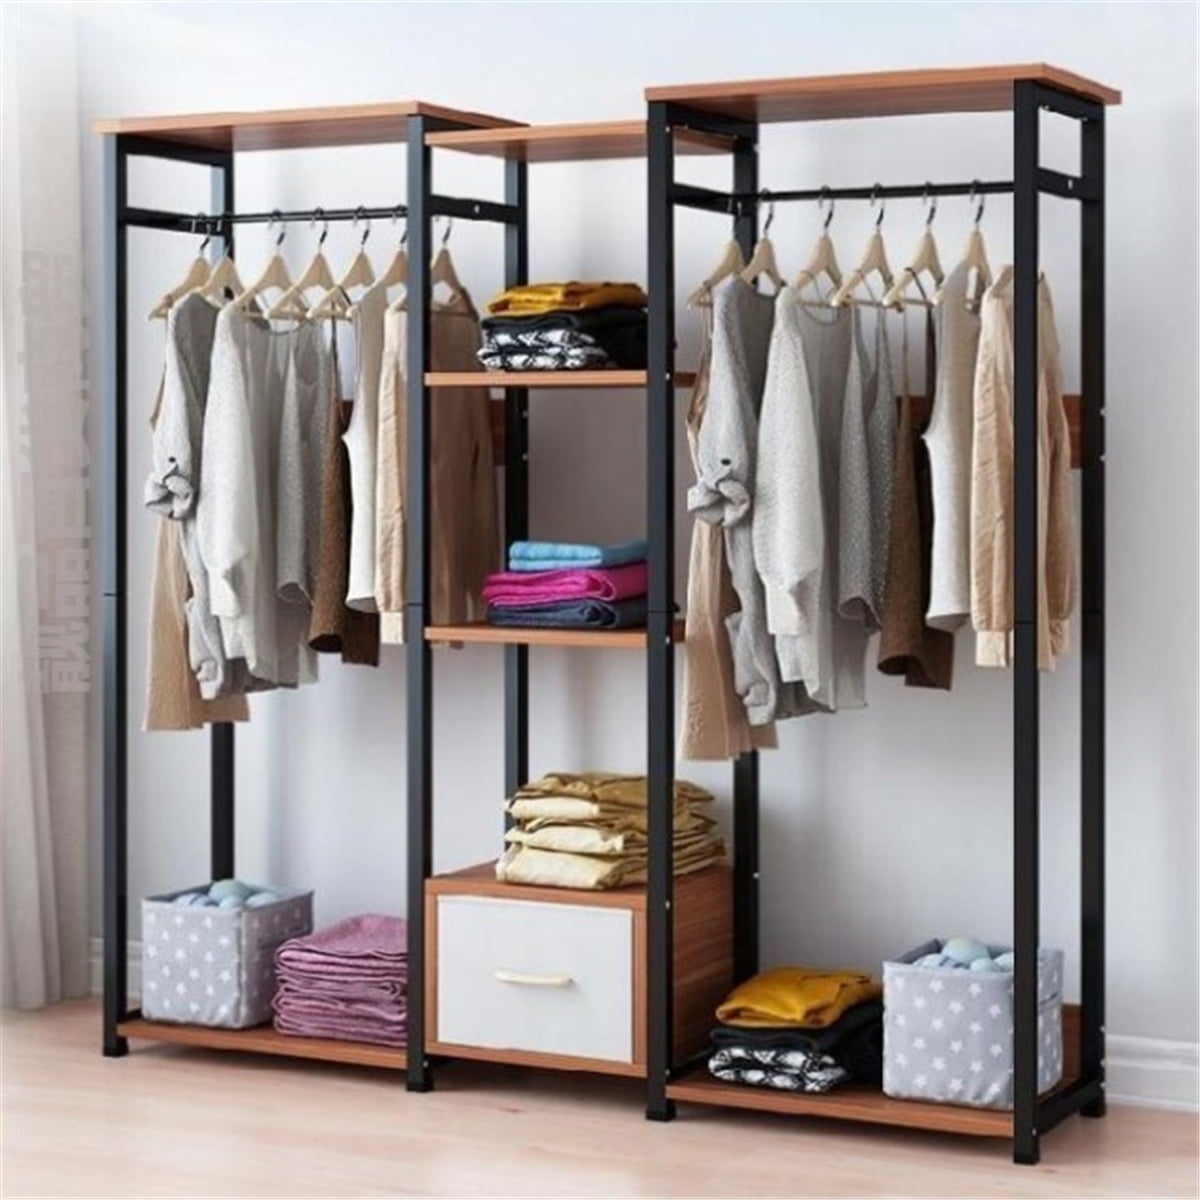 Freestanding Garment Rack Metal Clothes Rack Hanging Storage Organizer Rack Wardrobe with
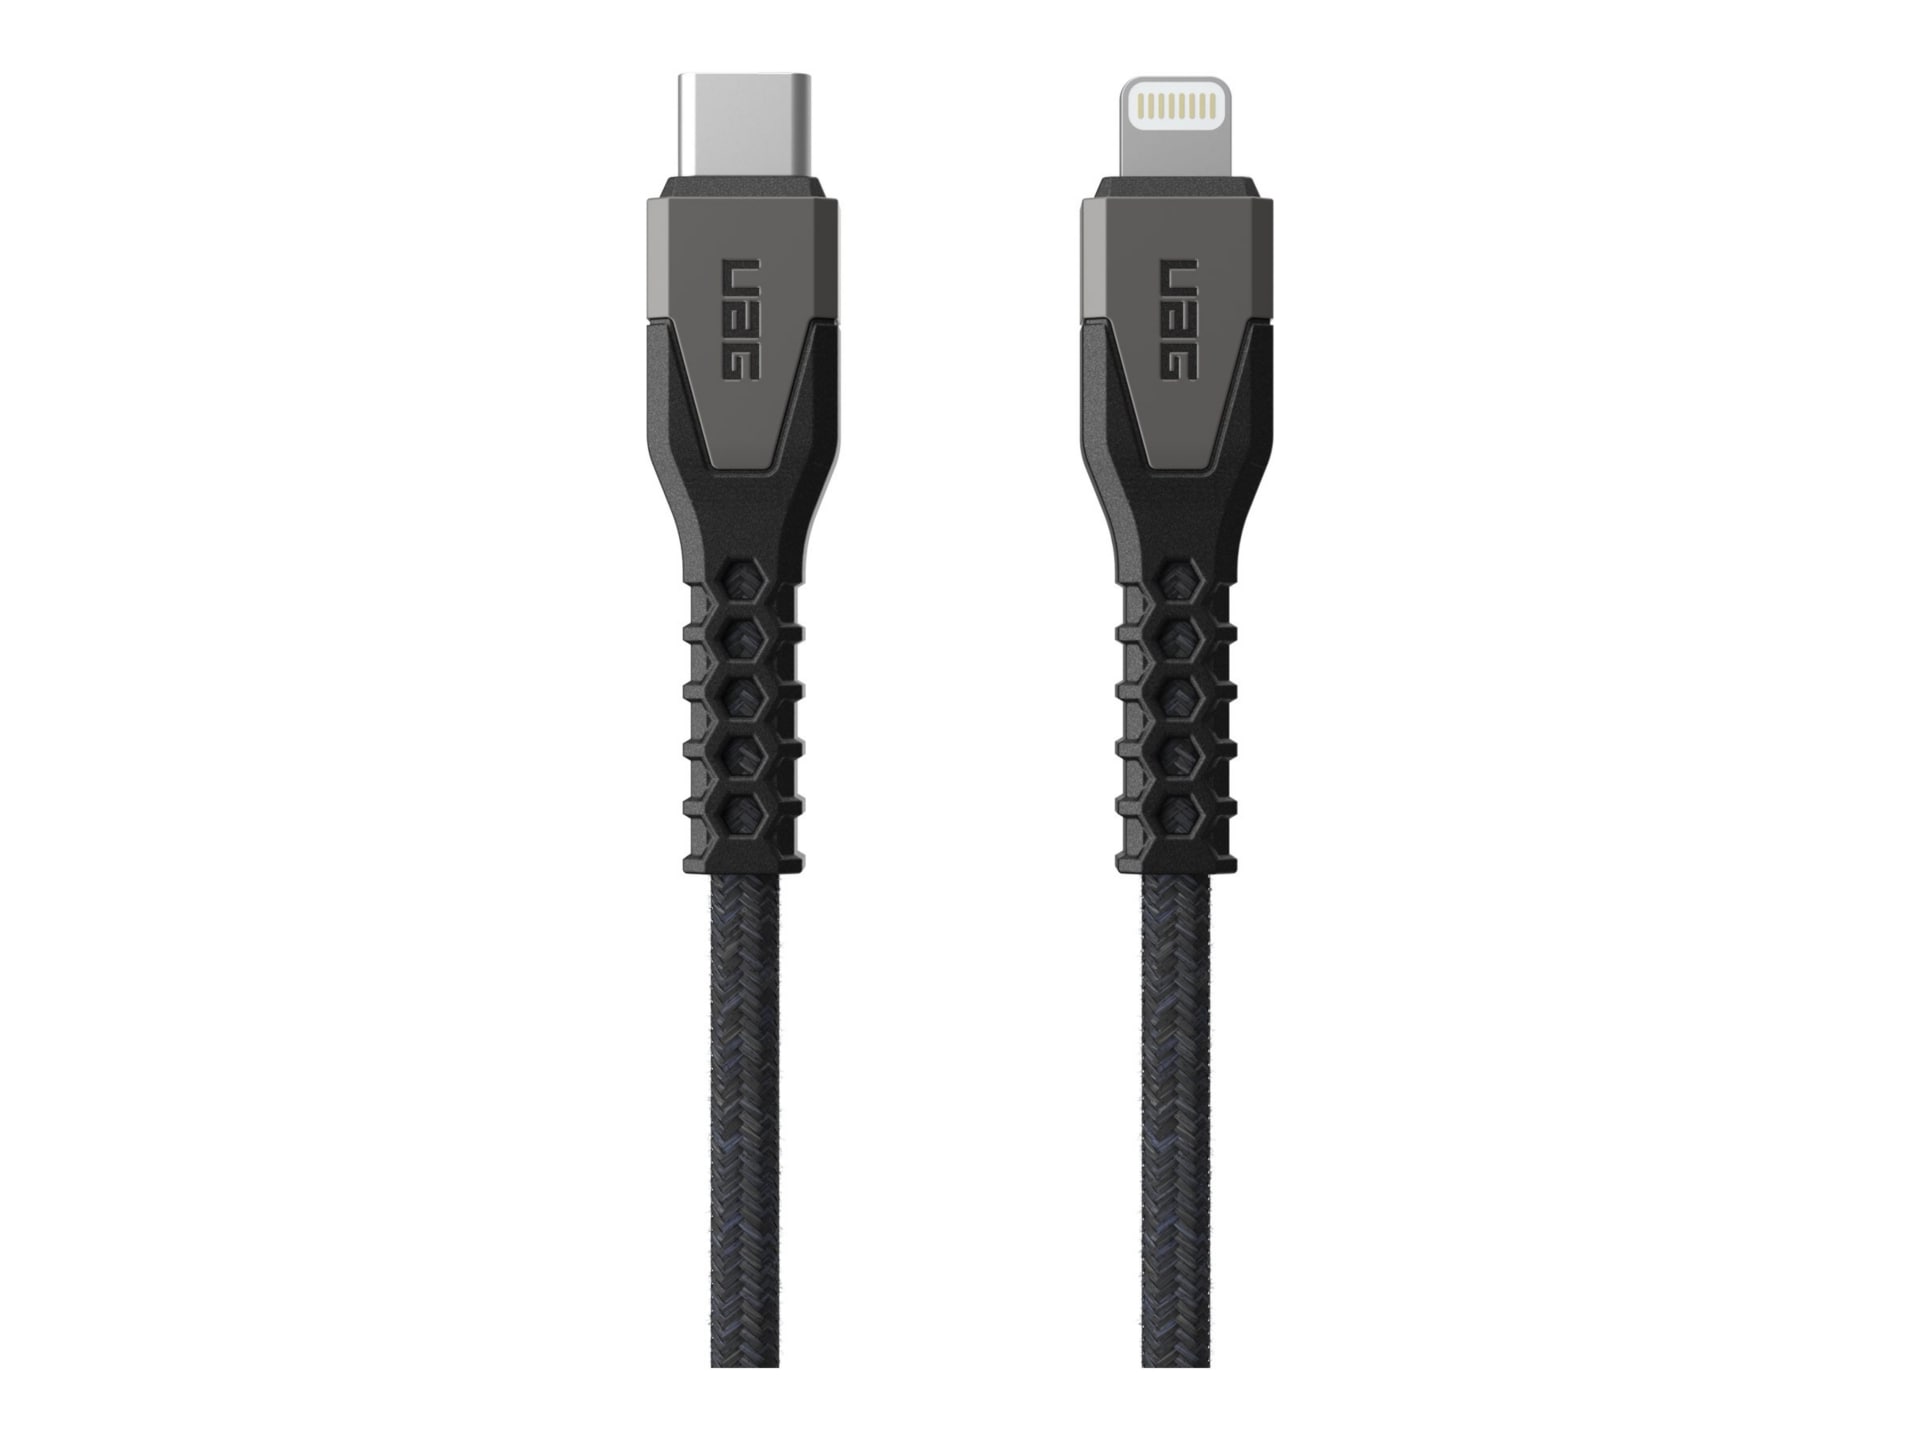 UAG Rugged Charging Cable USB-C to Lightning 5ft- Black/Gray - Lightning ca
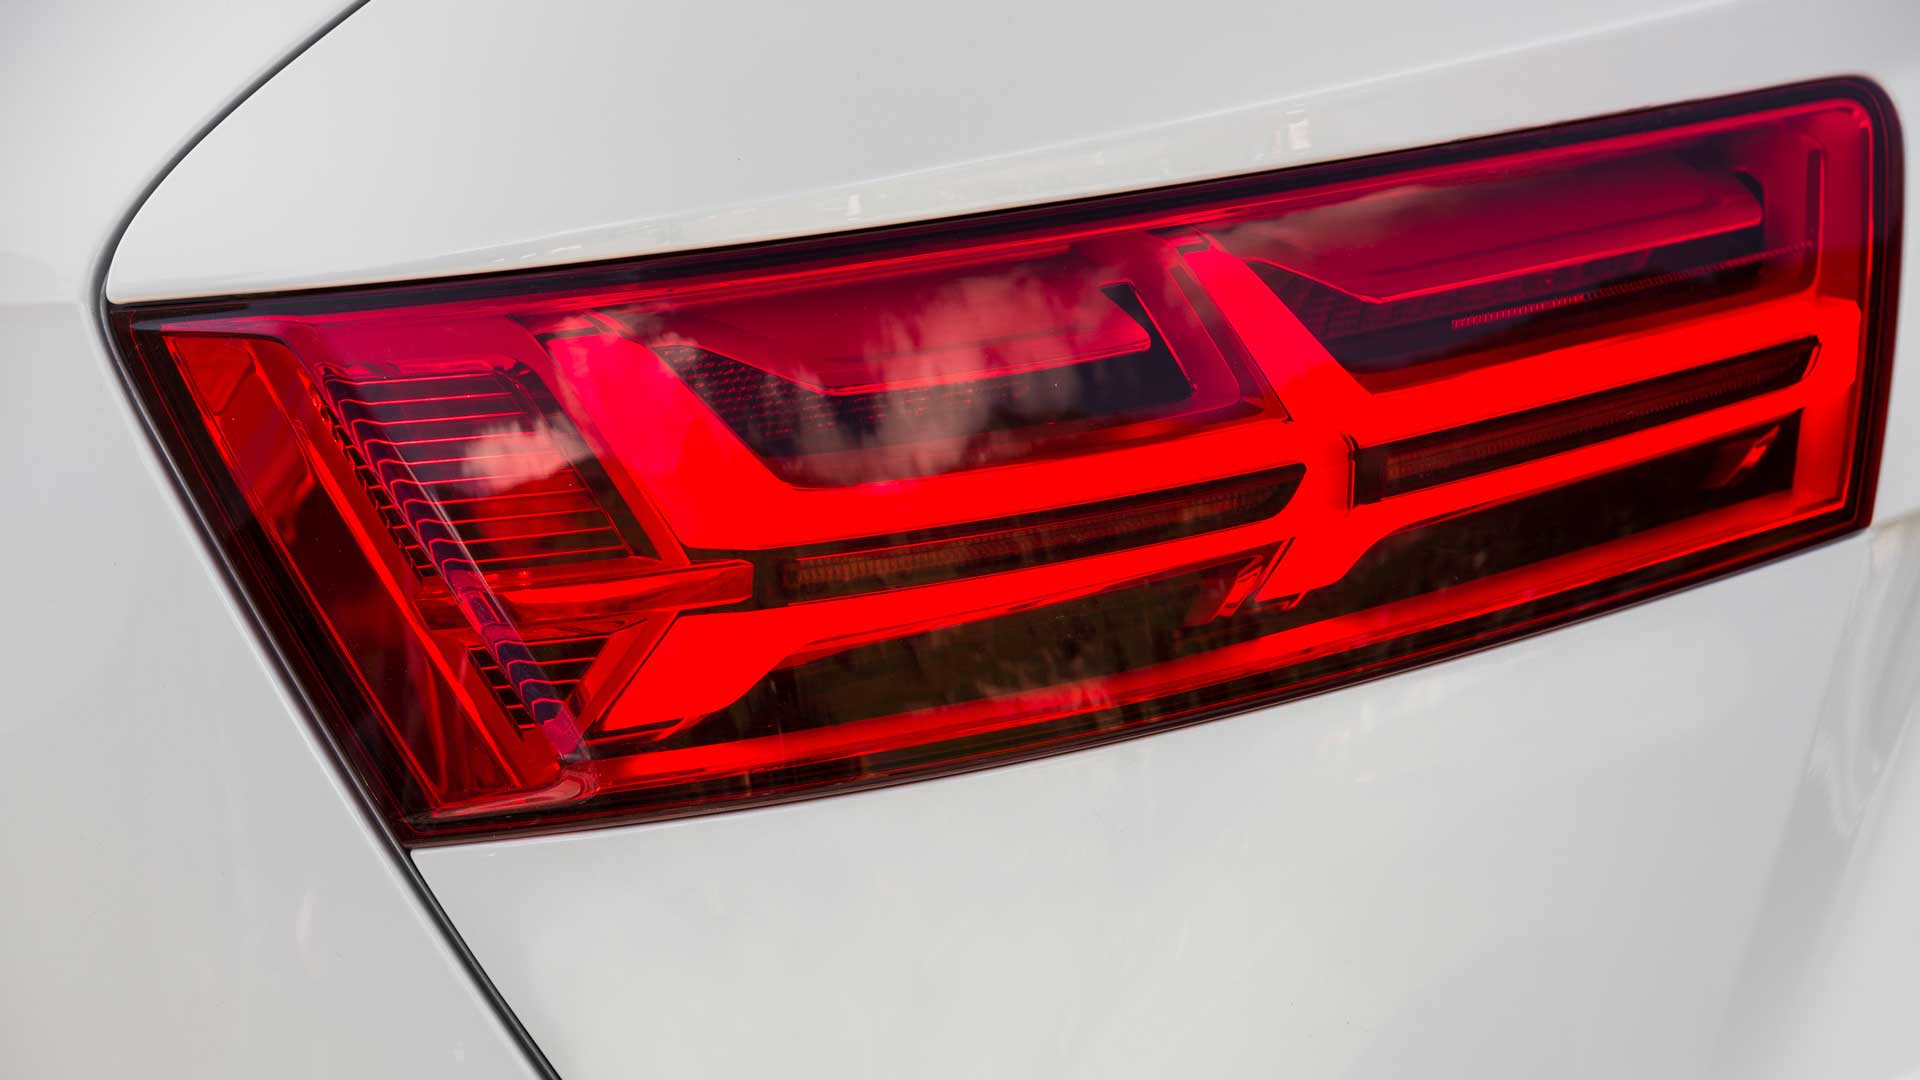 Audi Q7 2016 Technology Exterior
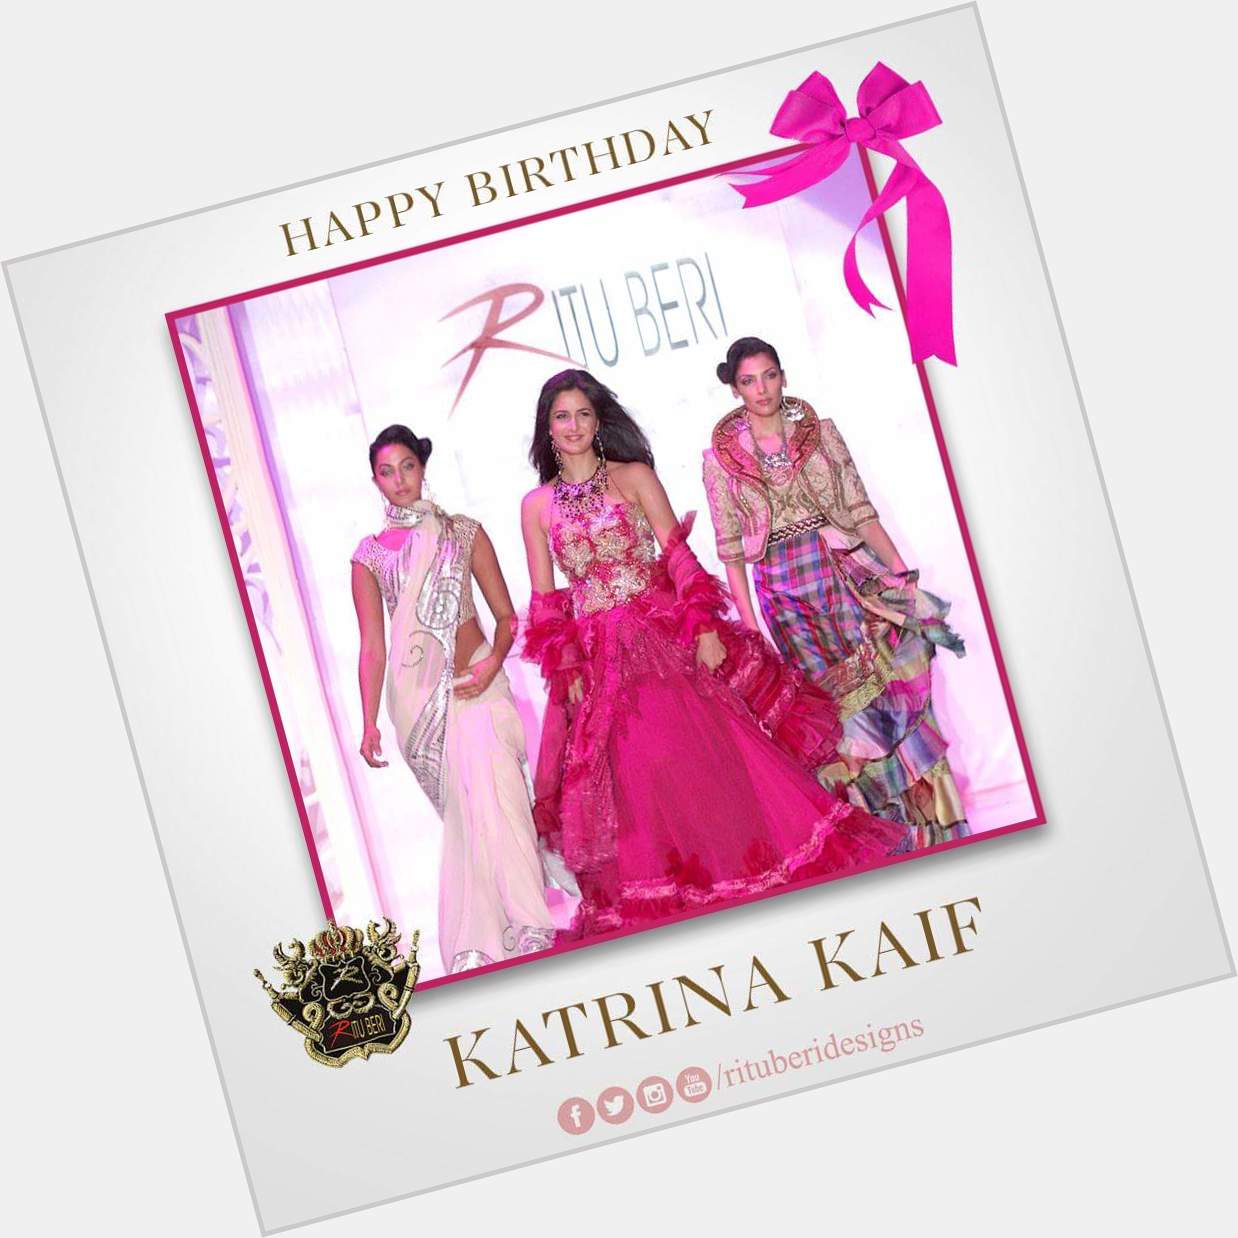 Ritu Beri Designs wishes beautiful Katrina Kaif a very Happy Birthday
=-=-=-=-=
### PROBLEM DETAILS
Please print the listing above again word for word, without its pictures.

### OUTPUT
 Freestanding Garment Rack Metal Clothes Rack Hanging Storage Organizer Rack Wardrobe with
 UAG Rugged Charging Cable USB-C to Lightning 5ft- Black/Gray - Lightning ca
 Audi Q7 2016 Technology Exterior
 Ritu Beri Designs wishes beautiful Katrina Kaif a very Happy Birthday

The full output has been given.